Updated: Nov 5, 2020



I wrote this article back in Sept. of 2018 but thought it was worth republishing. I have a feeling that the financial impact from the Coronavirus could be much greater than many people believe. Many corporations are already lowering their forward-looking revenue estimates, and some are saying that their China revenue could drop by as much as 50%. IMO the Coronavirus has the potential to be that trigger or domino leading to a recession or at worst another financial crisis. I want to also say that I am not republishing this to scare anyone. If we panic, then this could become a Self-fulfilling prophecy. My reason is just as food for thought, just to make people aware of one possible side-effect of this outbreak.

It has been about 10 years now since the 2008 financial crisis and we are currently riding the 2nd longest economic expansion on record. Most places you look things look very good, the US stock markets are near all time highs. The S&P 500 is up over 300% since bottoming early in 2009 and nearly double what it was at the peak in 2007. The unemployment rate is sitting at just under 4% near historic lows, the improving jobs market has been pulling more people back into the labor force and even with all the economic momentum inflation still seems to be under control. The US GDP for the second quarter topped 4% which is the highest growth rate since the third quarter of 2014 and US corporate profits are at an all time high.
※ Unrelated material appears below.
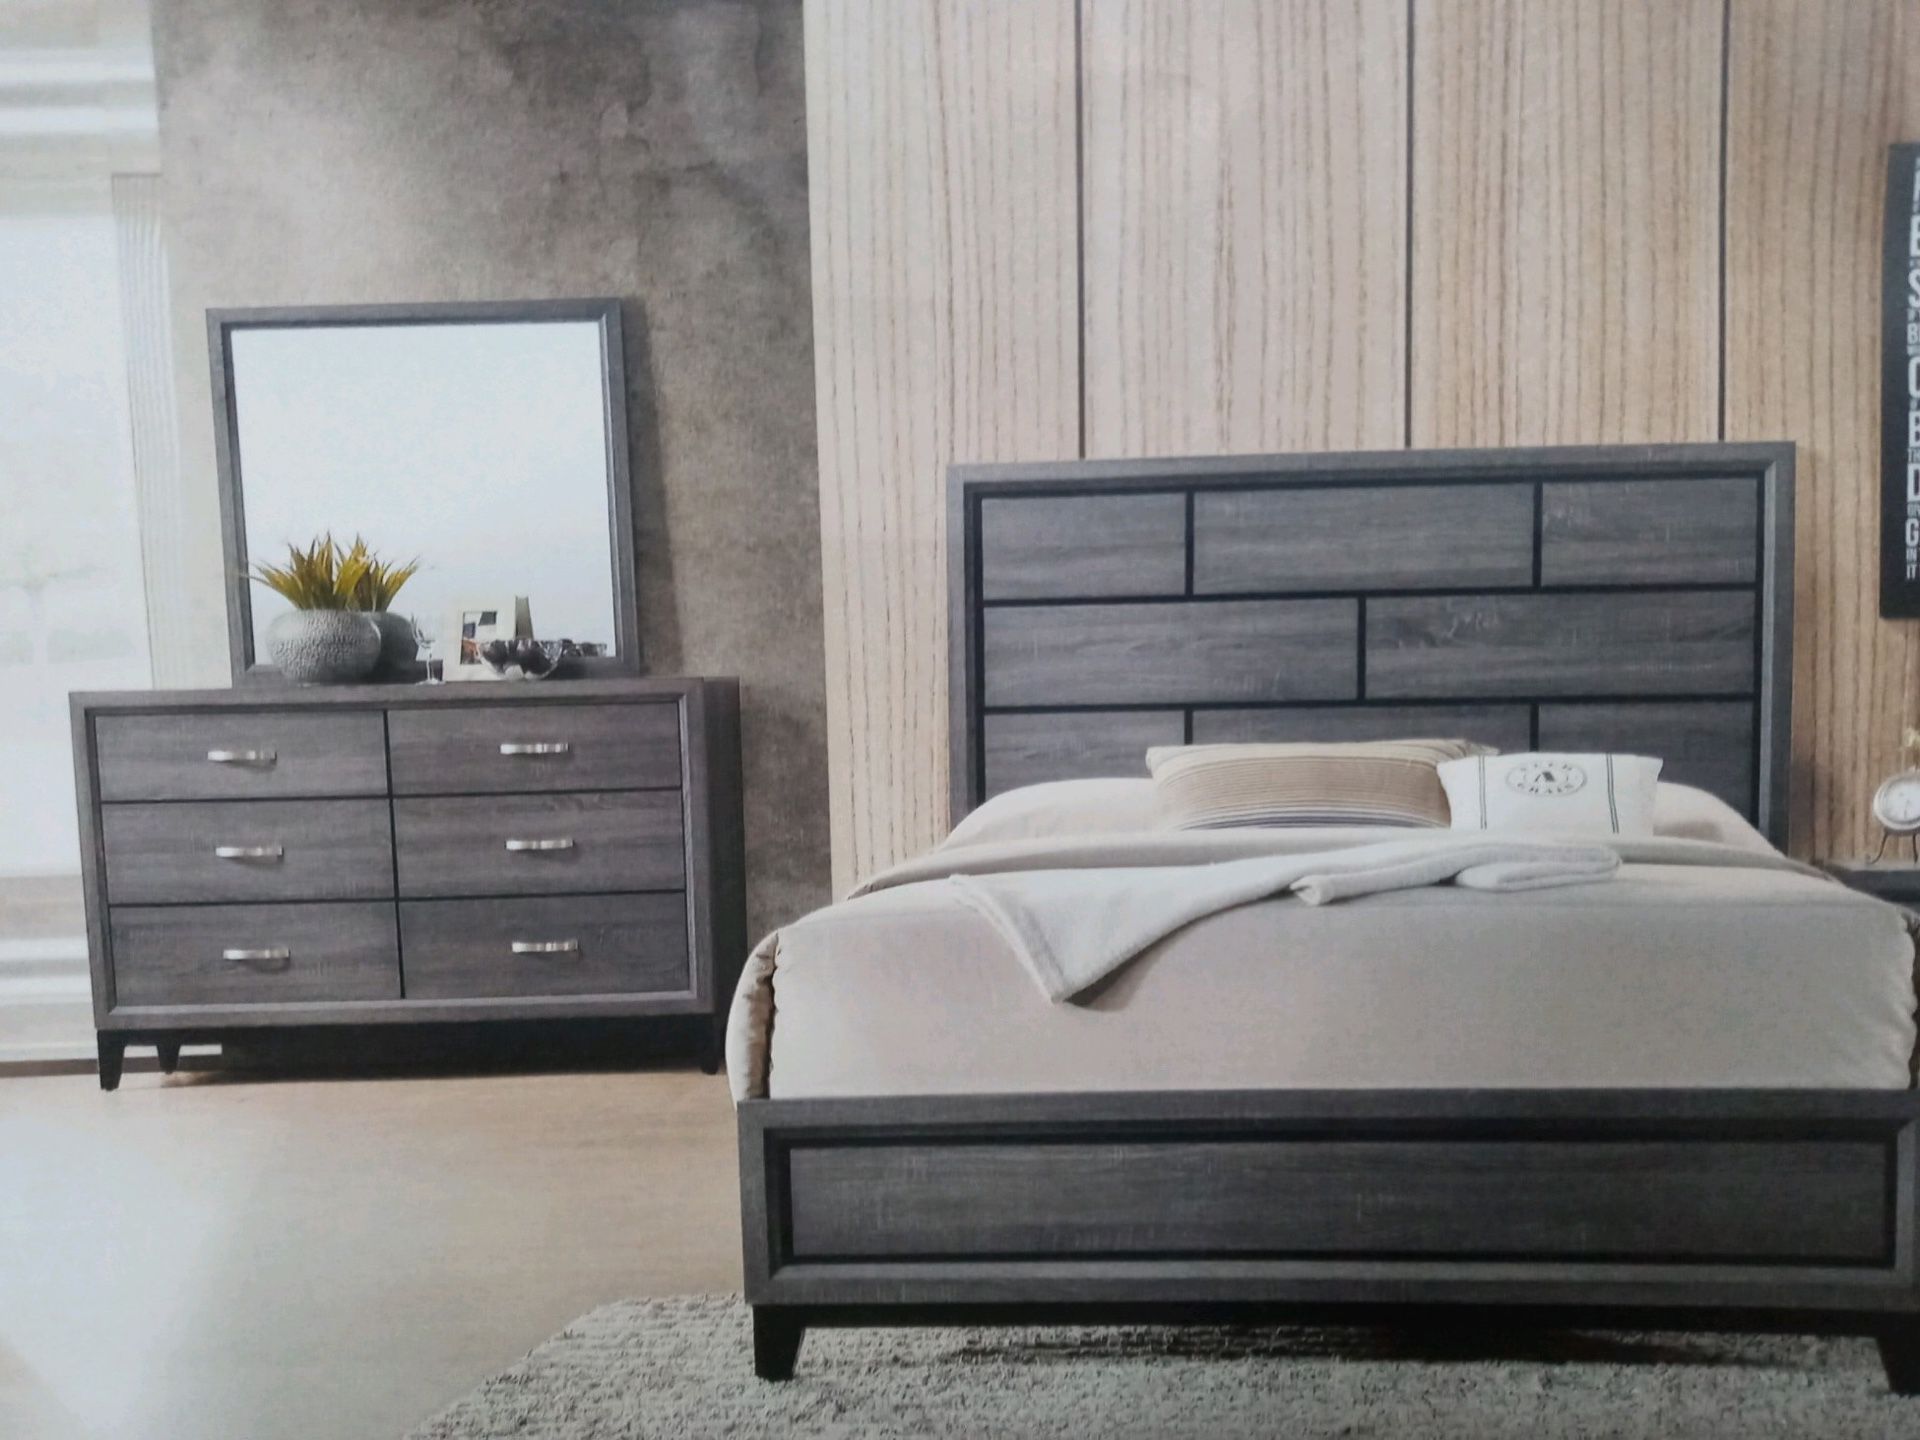  Brand New Queen Size Bedroom Set&799.financing  Available No Credit Needed

Personally, I see help wanted signs almost everywhere I go and have read numerous articles about a labor shortage here in the US so to me all of this points to a very bright future.

But hold on! Are there dangers to our economy and financial system lurking below the surface? Could there be a domino waiting to fall which could trigger a chain of events leading us into another economic meltdown? I have already listed some of the positive indicators which point to further prosperity, so now let’s look at the possible dominos out there that could possibly derail the US or even the global economy. So first let’s look at the very first thing that I wrote, we are currently in the second longest economic expansion on record, now does that mean that it is going to end tomorrow or next week? Of course not, it could end up becoming the longest on record, but chances are it is closer to the end than the beginning. Economies move in cycles referred to as the economic cycle or business cycle. These cycles are identified as having four distinct phases, expansion, peak, contraction (or recession) and the trough.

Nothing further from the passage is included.